According to colon cancer statistics, colon cancer is the third leading cause of death in the United States. But colon cancer can be prevented. One way to prevent colon cancer is through colonoscopy screenings. And colonoscopies are recommended starting at age 50 or 10 years younger than your age if you have a family history of colon cancer and polyps.
Suppose you develop colon cancer without any family history. However, there has been some research recently that suggests genetics may play a role in developing certain types of colon cancers and precursors. “Almost 90 percent of colon cancers and adenomas (colorectal polyps) occur sporadically,” according to “Understanding Genetics.
Genetic colon cancer
Family history is one of the risk factors. Suppose colon cancer or colon polyps run in your family. In that case, it doesn’t necessarily matter how old you are when diagnosed
According to Genetics Home Reference, the genetic mutations that cause colon polyps and cancers to form aren’t passed down through families; they usually occur spontaneously during normal cell division. And these gene changes don’t always happen in every family member that has a history of colon polyps or cancer. Because not all people who have a family history of these conditions get them, there must be factors involved in developing this condition that is still unknown.

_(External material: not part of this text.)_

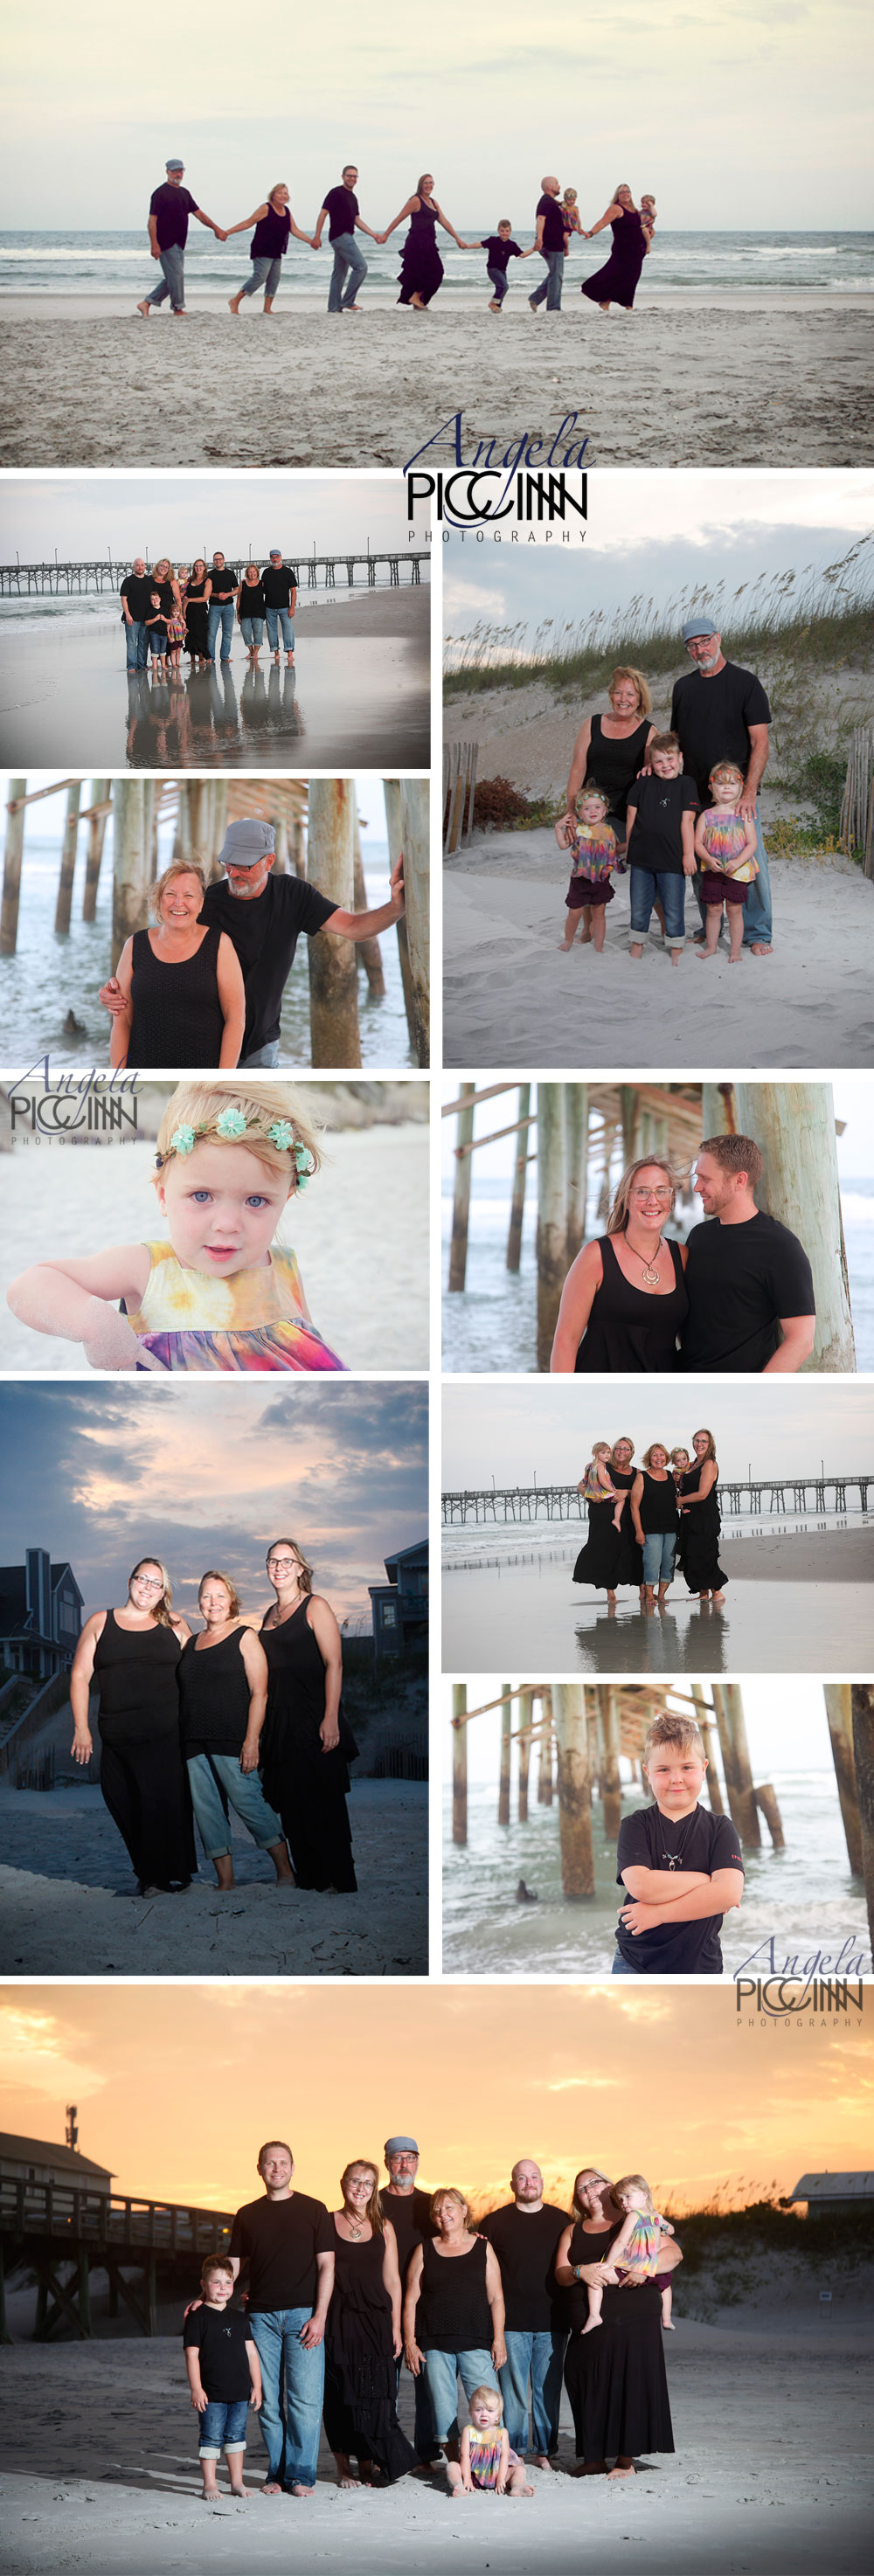 Surf City Family Portraits by Angela Piccinin

Some develop from colon polyps caused by hereditary issues. People who have inherited cancer syndromes may be at risk of colon polyps and colon cancer even if there is no family history of these conditions. According to Genetics Home Reference, some people inherit colon cancer susceptibility genes that make them more likely to develop colorectal tumors.
This condition is called familial adenomatous polyposis (FAP), and it’s associated with an increased risk for cancer. According to “Understanding Genetics: Cancer,” FAP occurs when a person inherits one copy of the defective APC gene from each parent; people with two copies of this gene typically develop multiple benign colorectal adenomas.

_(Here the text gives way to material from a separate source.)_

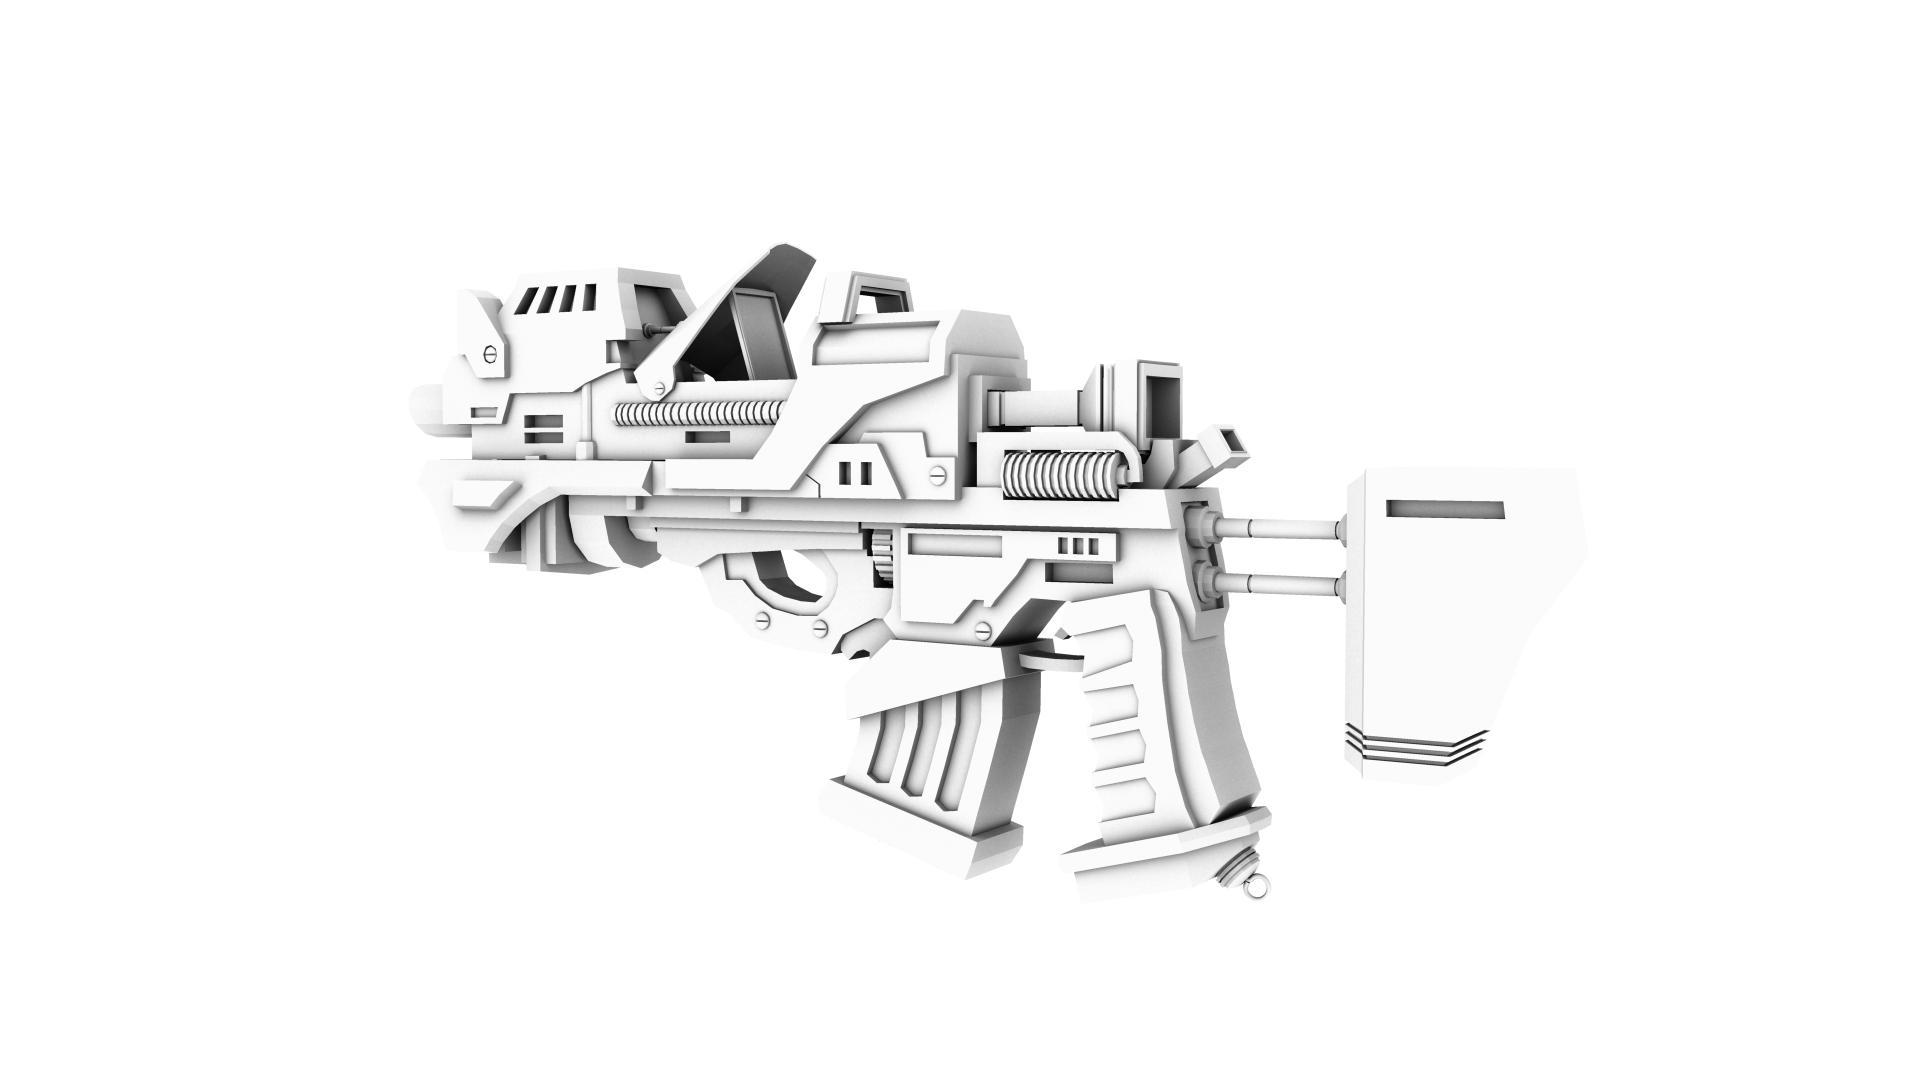 army gun 3d model 128981

According to Genetics Home Reference, people with Lynch Syndrome (LS) are also at risk for colon polyps and cancers. This condition is caused by an inherited mutation in several DNA mismatch repair genes, which prevents the body from correcting errors when it replicates cell divisions.
Chronic inflammation has been associated with precursors like colon dysplasia, but inflammatory bowel disease (IBD) doesn’t cause cancer on its own. Apart from that, there’s no evidence that diet or environmental factors play a role in causing colorectal tumors to form; nor is there any proof that colitis causes changes in colon cells that lead to cancer.
Colon cancer tests
Since colon polyps and colon cancers seem to develop spontaneously, there’s no test for them – and it’s not possible to find it before symptoms appear. But colonoscopy is the only screening recommended by the American Cancer Society; colonoscopies can detect colon polyps and colorectal tumors during the early stages of development when they’re most likely to be curable.
There is a greater risk of developing cancers in people who have FAP or LS. And some forms of Lynch Syndrome increase the risk for colorectal tumors even if a person doesn’t have any family history. A few individuals with LS develop colon polyps and colon cancers, but not all these people eventually get cancer.
Lynch Syndrome typically affects the colon and rectum in adults over age 50. The colon is often involved with colorectal tumors that begin as colon polyps.
They can also occur within endometrial (uterine) and ovarian tissue areas in women affected by LS. And some Lynch Syndrome patients have been found to have an increased risk for mid-gut carcinoids, which are rare tumors of the small intestine. However, other forms of colon polyps and colon cancers don’t appear to be genetically linked to colon cancer syndromes.
In addition, colon cancer in LS colon cancer patients may be due to a mutation called mismatch repair-deficient colon cancer, according to Genetics Home Reference. In this condition, colon cancers develop from cells with abnormal chromosomes.
So it’s not known if colon polyps and colon cancers associated with Lynch Syndrome are inherited or arise spontaneously in the affected tissue – leading some experts to believe that they’re always caused by spontaneous cell changes rather than inherited gene defects. This lack of information about Lynch Syndrome, in general, weakens the genetic cause in individual cases of colon tumors in people who have LS.